As my mind wonders about the future of the Church and about the successor of this great teacher, I am in awe of the timing of this decision. For the Pope is asking us to fast and pray. He is inviting us to recollect and to pray for the Church. He knows, a little too well, that the election of a Pontiff is not a political process, but a spiritual happening. Thus, he calls us to pray for the Church and as a Church. He reminds us that Lent is the best time to ask for spiritual freedom. He displayed that freedom in his decision to step down. He is asking us to pray and to fast, in order to acquire spiritual freedom as we prepare for the election of the new Pope and for the celebration of Easter. Both celebrations require that we free ourselves from our attachments and agendas, in order to be able to follow the will of God, to continue discerning and building the Kingdom of God.

I am grateful to Benedict XVI for his great service to the Church. I am grateful for his reminder that “I must decrease while he must increase” (John 3:30). I am grateful to God the Father for the gift of this servant of the servants of God. I am thankful to Jesus for the mission he has entrusted to all of us in the Church; a mission the Pope has fulfilled so well. I am grateful to the Holy Spirit for the way the Holy Father was inspired to teach, to love and to serve, and for the way the Spirit drive us into the desert of this Lenten season to prepare spiritually, to discern and to build the Kingdom of God.


  1. Great post! Thanks for the reflections, I think this was a very heart-felt examination of the Pope's decision.

    One who has power, I believe, is not really free, as power comes with responsibility. When one gives up that power, and the responsibility that accompanies it, then one is truly free.

  2. Santi, by reading your post I can tell you like Benedict. I personally have a lot of problems with his Papacy. How can I discern my feelings and thoughts about him and the Church right now?

  3. Thank you FC. Anita, discernment is a process of sorting your thoughts, feelings and desires. Remember that it is about becoming aware of them, trying to understand them (seeing whether they are leading you to God or away from him), and accepting the good or rejecting the bad.
    I think you need to bring your thoughts on him to prayer and try to understand why you feel about him the way you do. What is causing you to feel or to think that way?
    This is not an easy process, but you might want to bring that to your spiritual director.
    I heard he is an amazing guy. Cheers.

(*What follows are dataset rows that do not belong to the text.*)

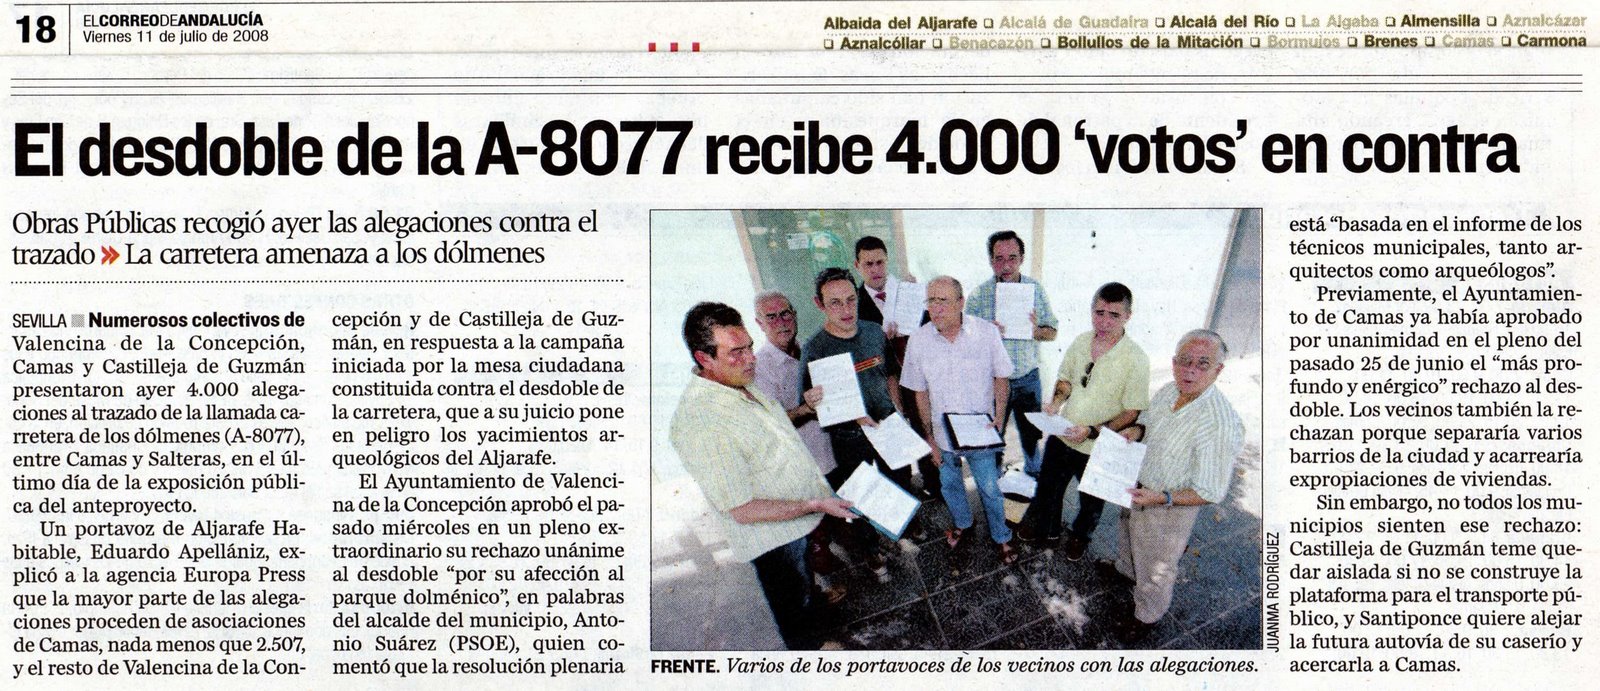 [2008+07+11+CORREO+ANDALUCÃ A+EL+DESDOBLE+DE+LA+A-8077+RECIBE+4000+ALEGACIONES+EN+CONTRA.jpg]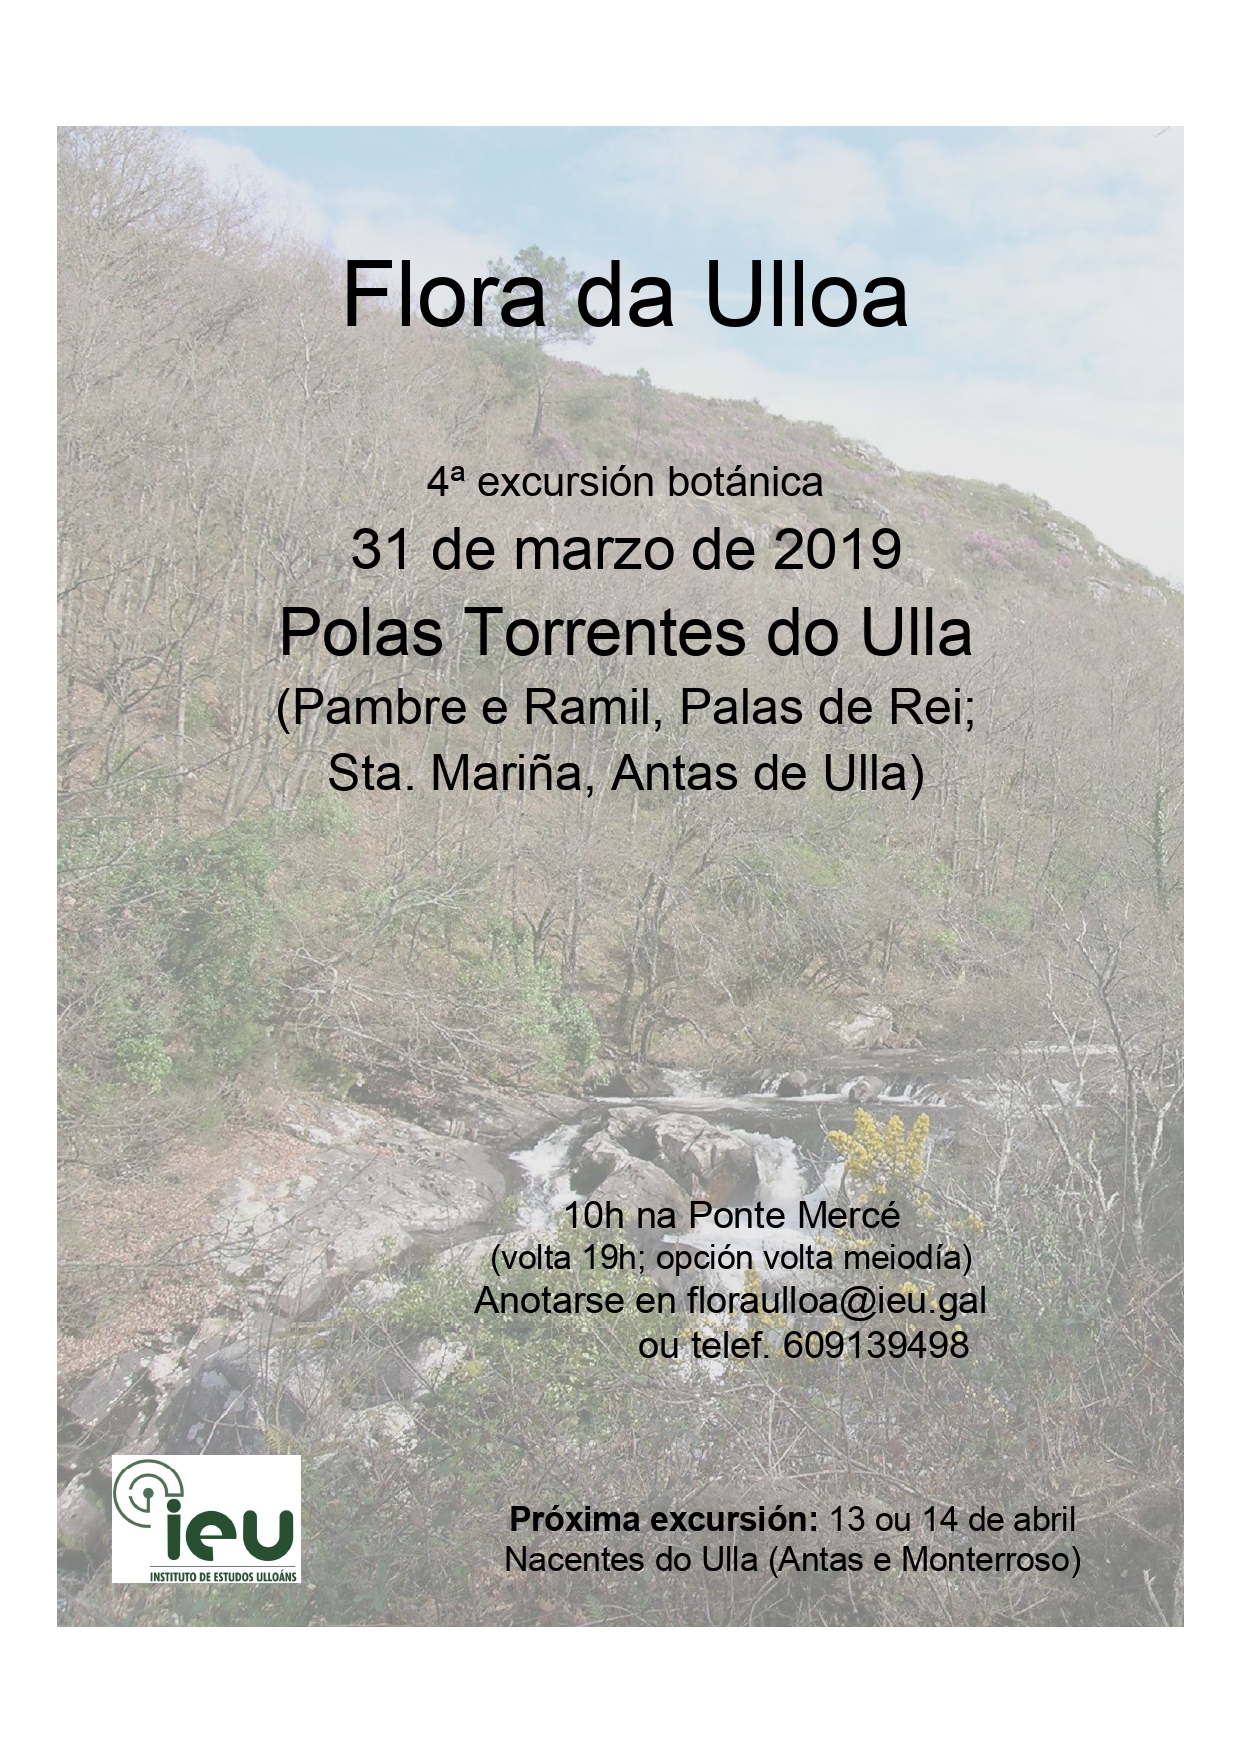 4ª excursión Flora da Ulloa, Instituto de Estudos Ulloáns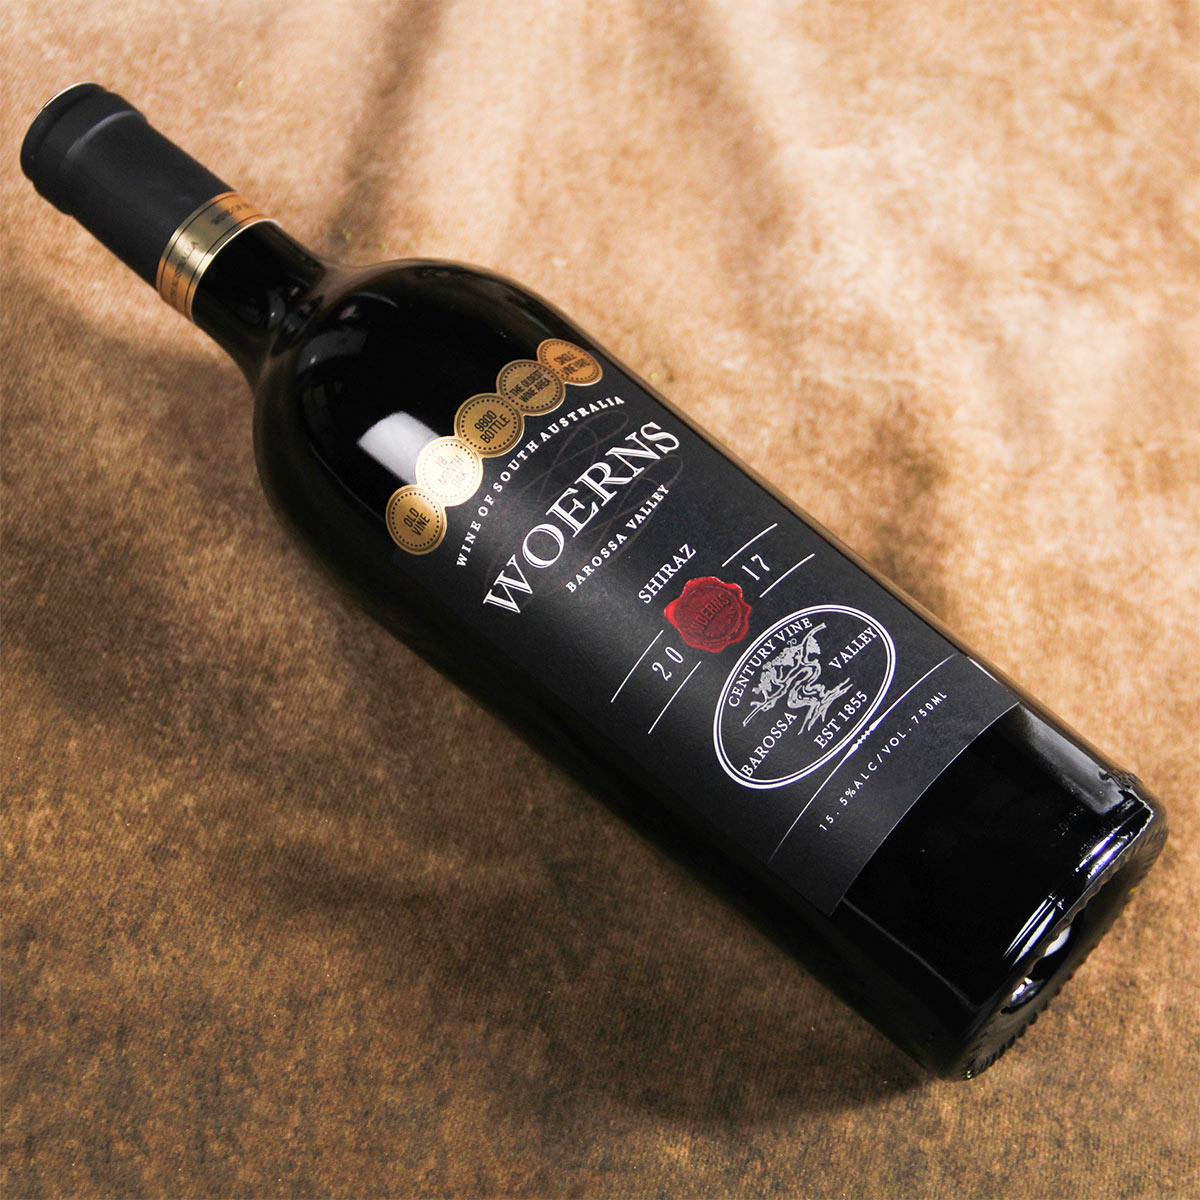 澳大利亚巴罗萨谷沃恩斯百年老藤西拉红葡萄酒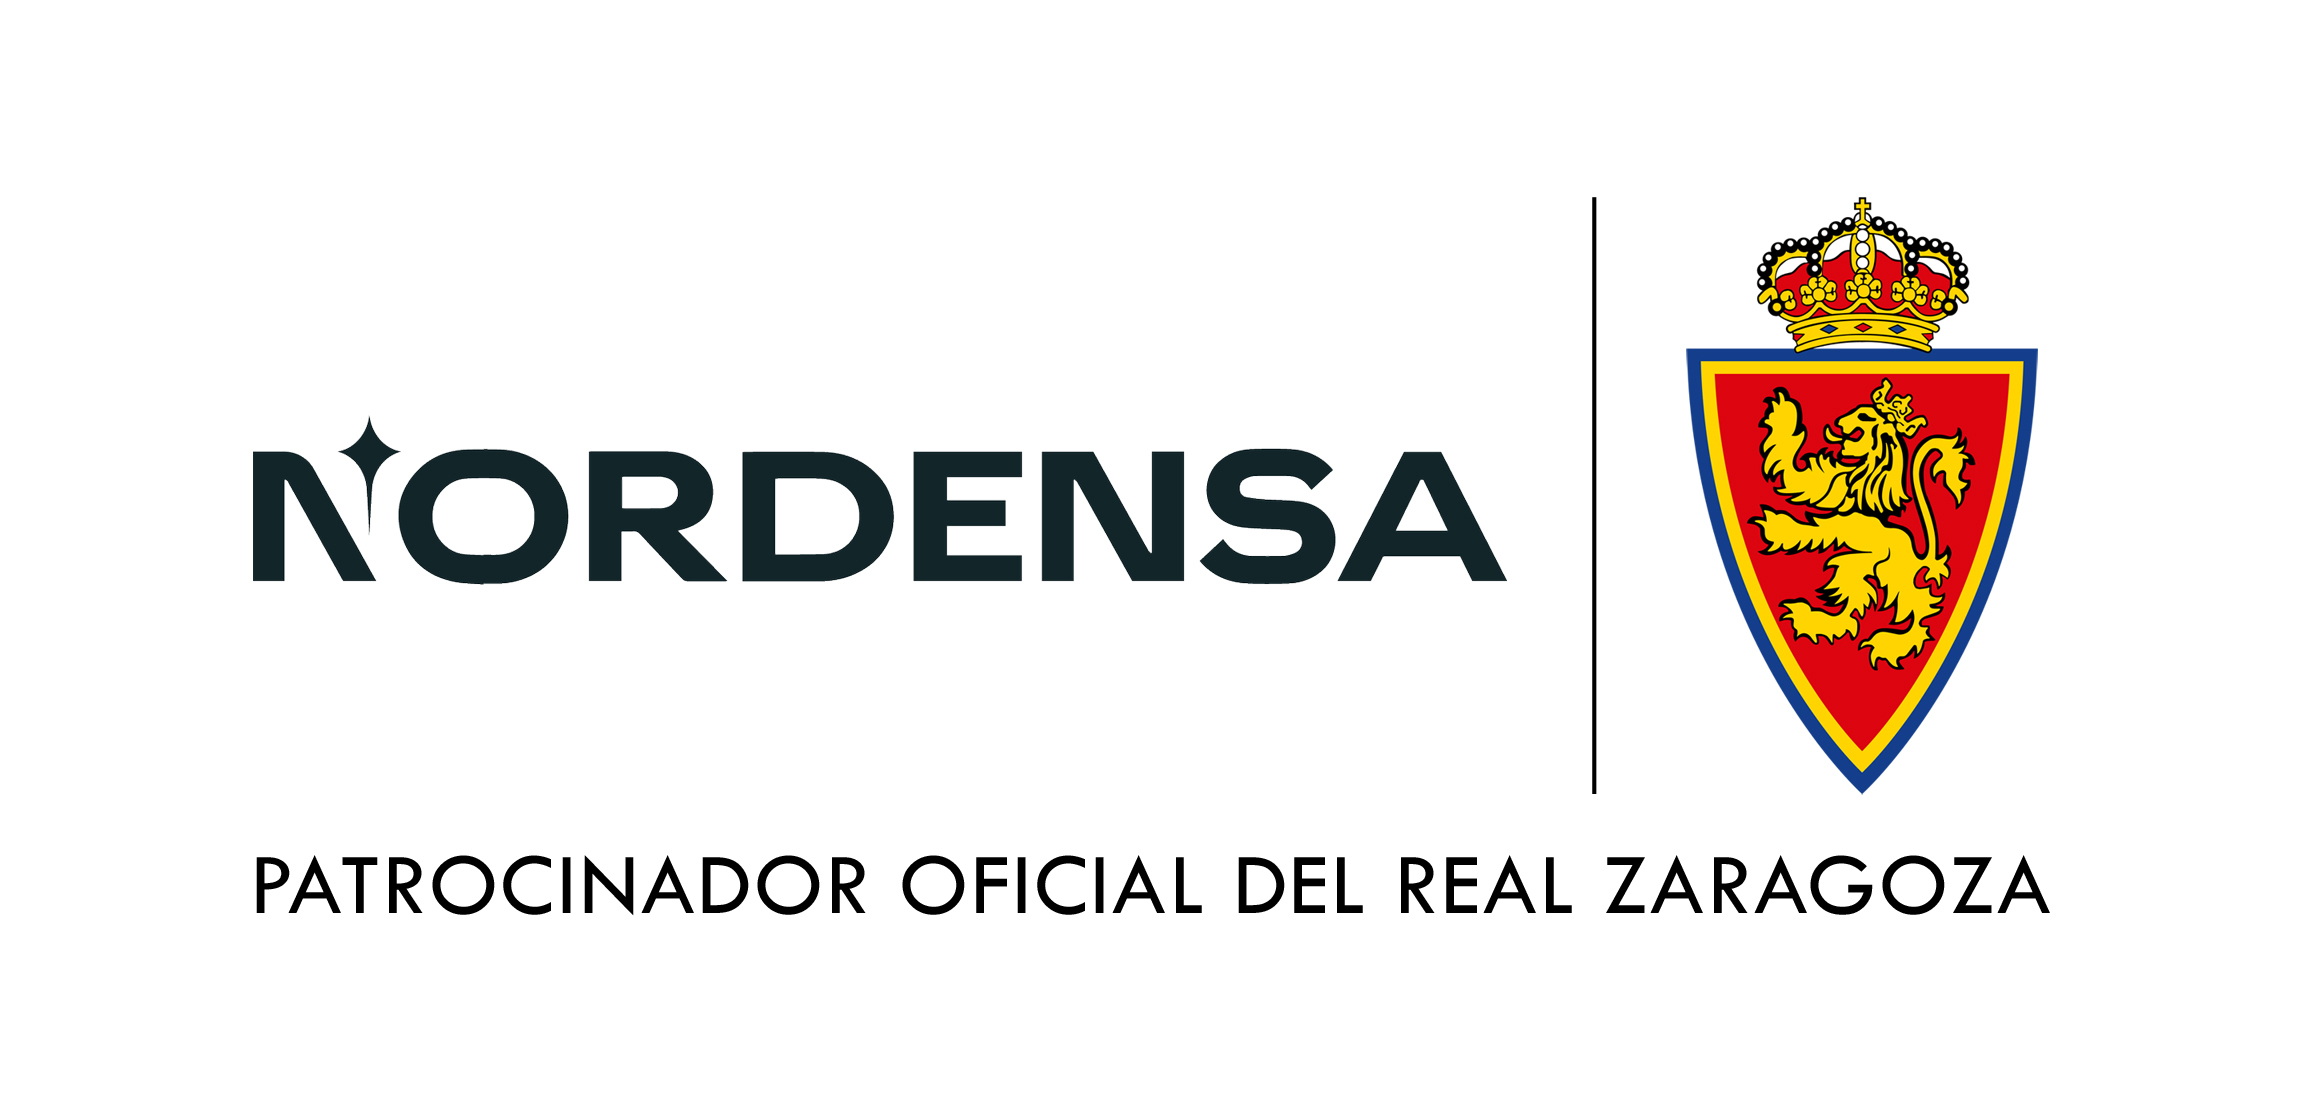 Nordensa, nuevo patrocinador oficial del Real Zaragoza, Real Zaragoza

  4. I must admit that I am prone to getting caught up in trying to analyse everything through a political lens. I appreciate the reminder that the Popes decision has a spiritual dimension that is perhaps more important than the politics that I get hung up on, and furthermore that this spiritual dimension can bear fruit in my own life, if I let it. I wonder what roles of authority I need to hand over to God this lent?